How I Became a Liberal

I have friends of many persuasions, politically speaking, and I’m always intrigued when I meet parents and children who end up on opposite ends of the spectrum. Is it a simple case of rebellion? Or did the kids carefully reason through their world view and announce one day, “Mom and Dad, I reject everything you hold dear.” Thank goodness that never happened in the Henderson household!

But how did I, who can remember when my hometown movie theater back in Alabama had a door marked “colored entrance” (it led straight to the balcony), and whose mother snatched off my black armband on Vietnam Moratorium Day in 1970, end up a liberal? Two words: Uncle Jack.
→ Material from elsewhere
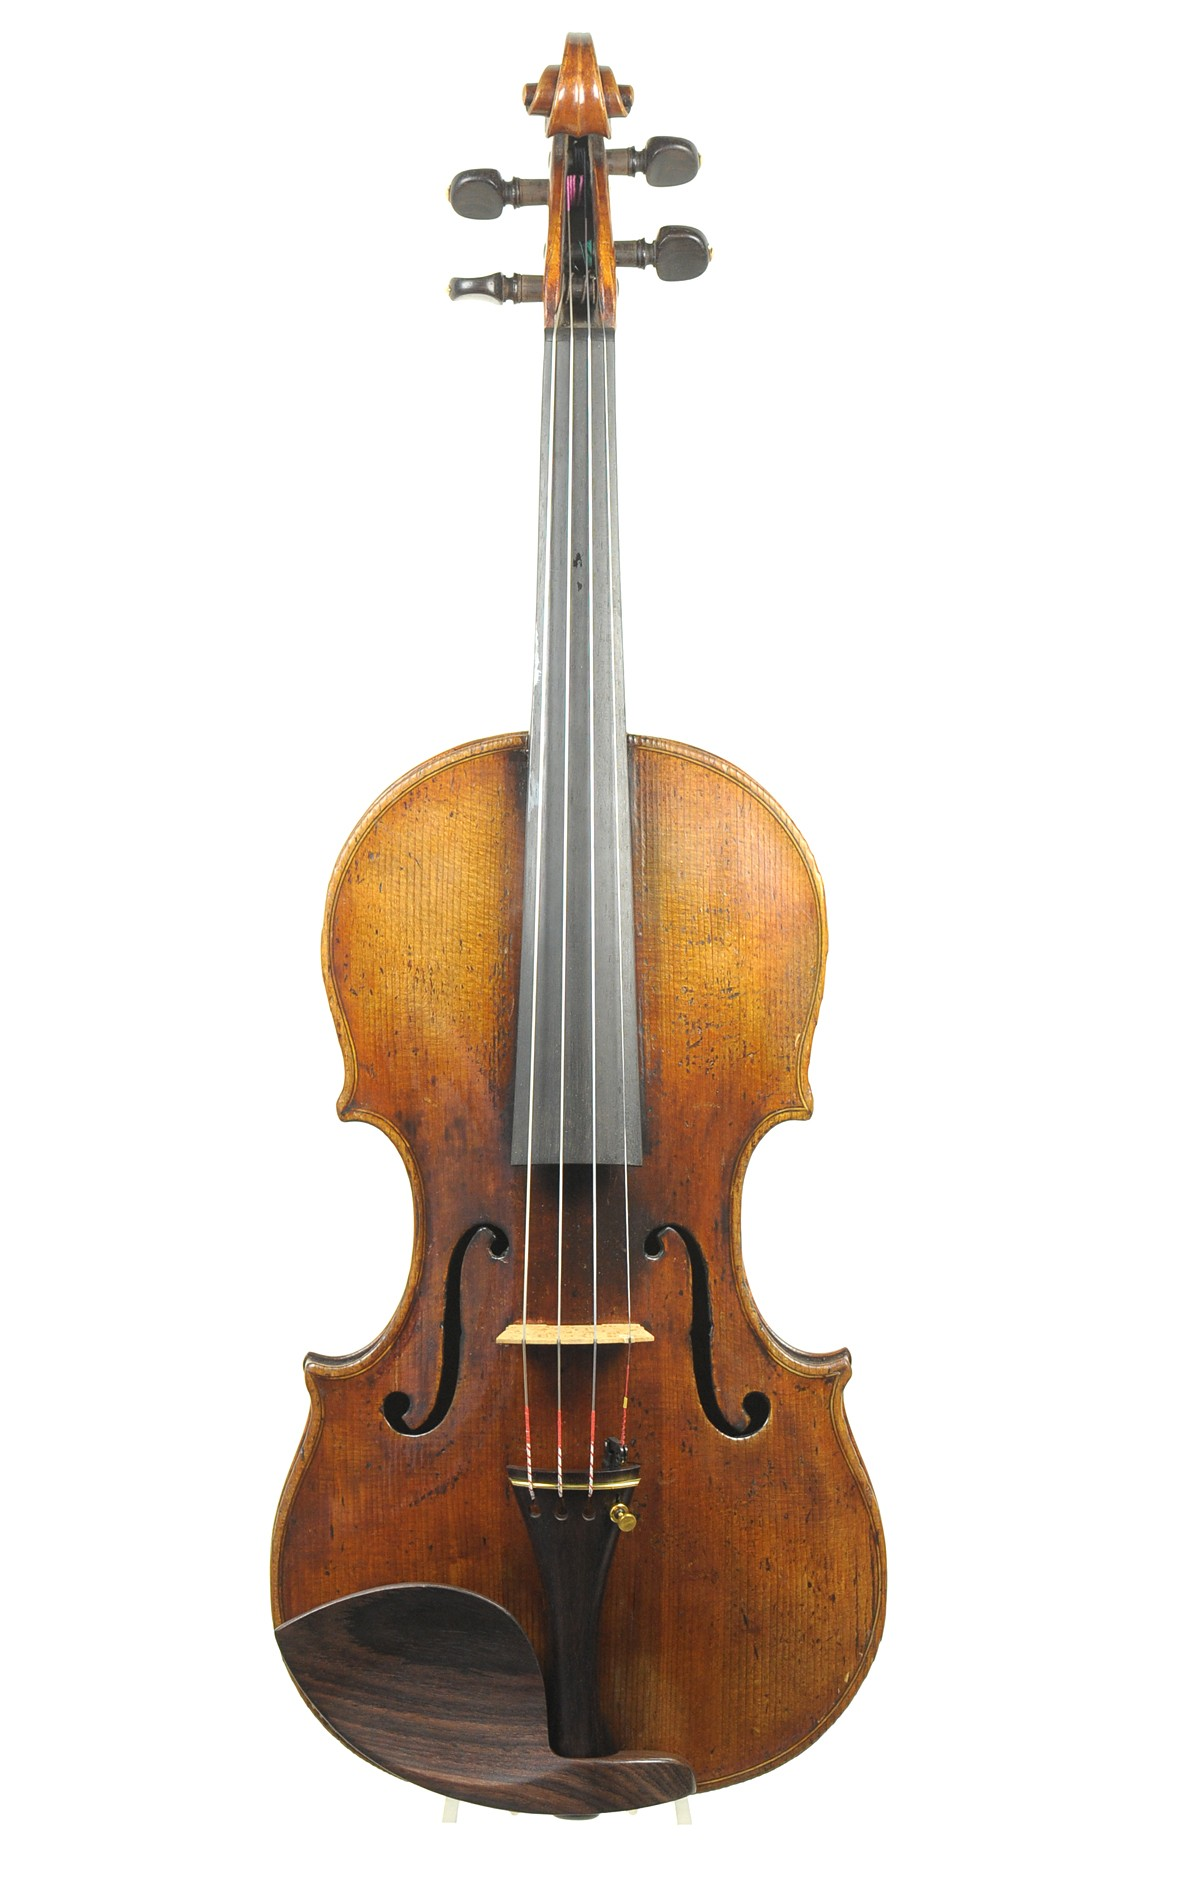 German master violin, Michele Deconet copy - spruce top
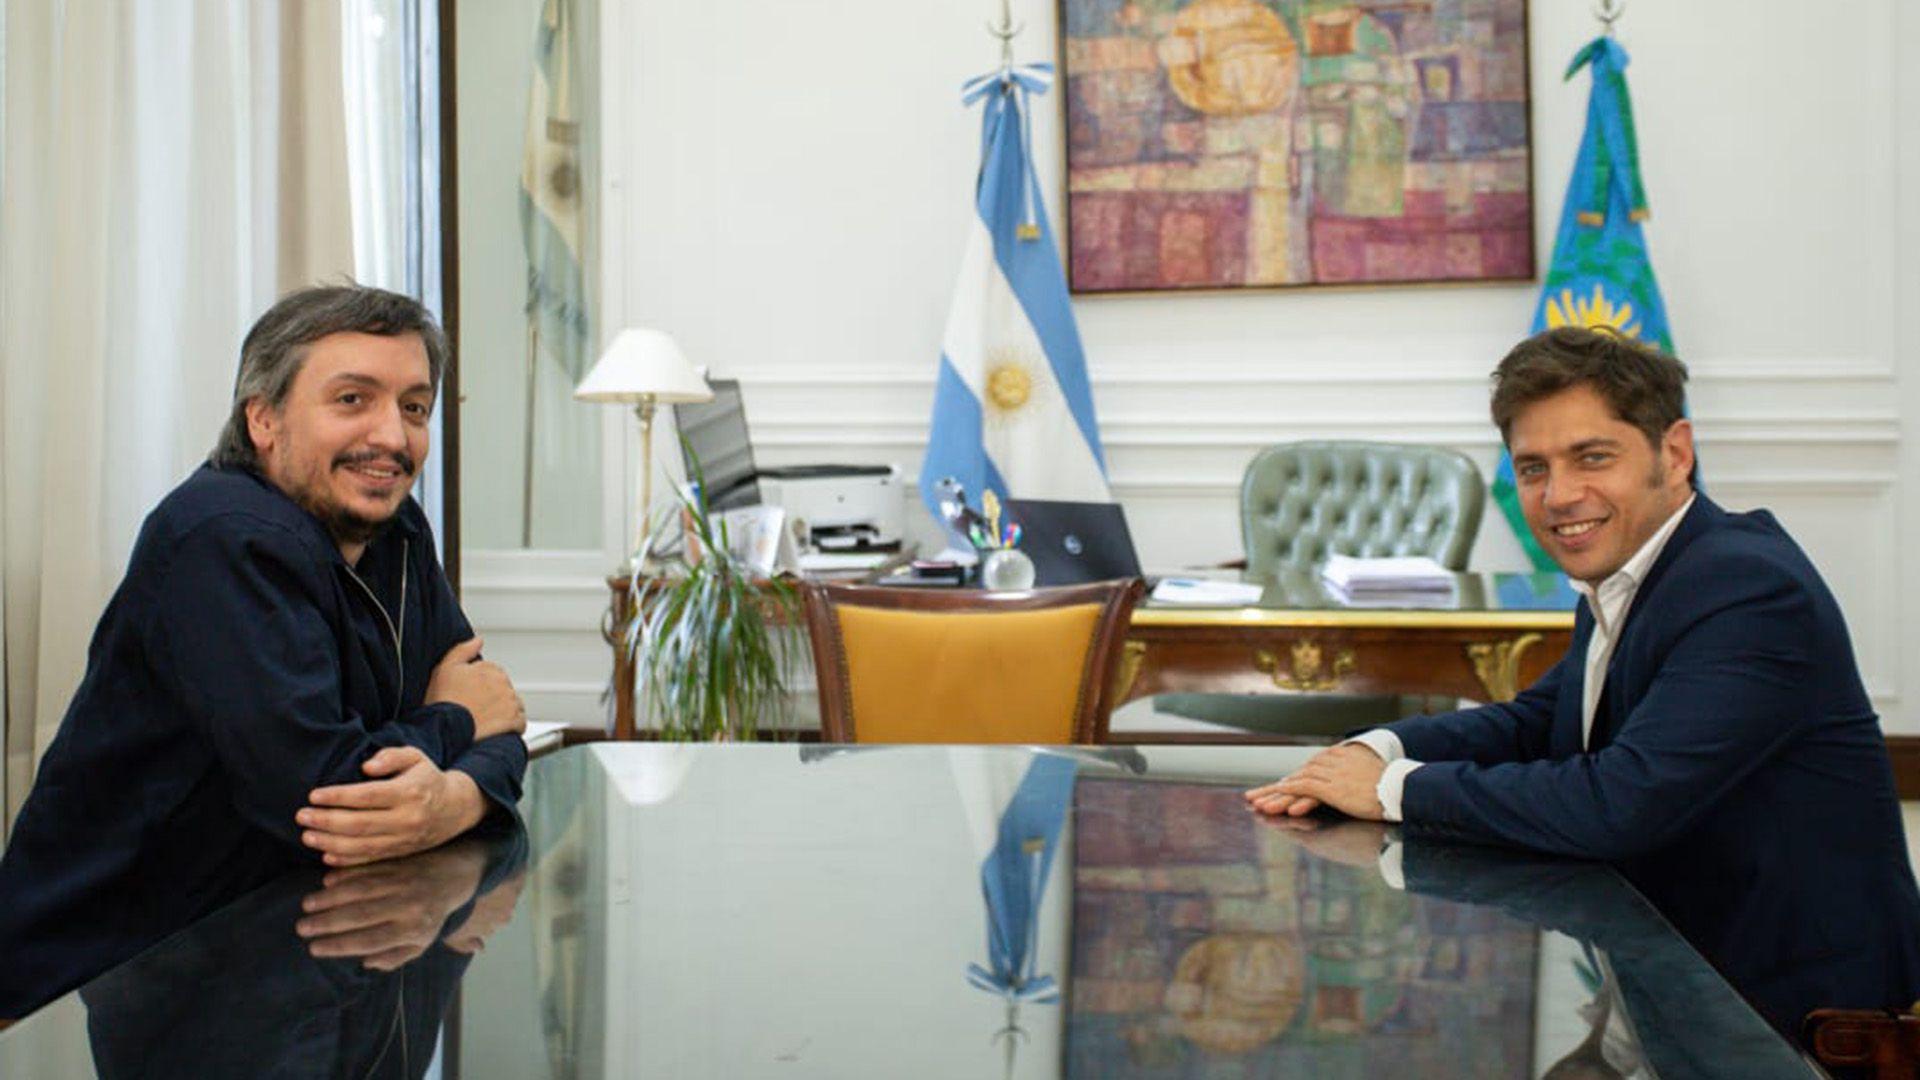 Máximo Kirchner y Axel Kicillof, gobernador de la Provincia de Buenos Aire

The much-loved and coddled youngest of 11 children, he grew up to be the family intellectual. He ventured to Scotland (!) to get a doctorate in theology. He marched in Selma. He had a framed picture of Martin Luther King in his office. (That last one was quite a bone of contention among his conservative older brothers.) He had a fabulous life partner, Paul, who told me I looked like model when I was a scrawny teenager. And Uncle Jack was a liberal. Oh yeah! And if he was a liberal, I wanted to learn about politics and be one too.

Uncle Jack, the baby brother my mother adored, is 82 now, still smoking like a chimney, still enjoying a daily vodka and tonic, still going strong. So are the outreach ministries he started at the Presbyterian church he served for many years in Washington DC. He’s larger than life! And his influence lives on, especially in me.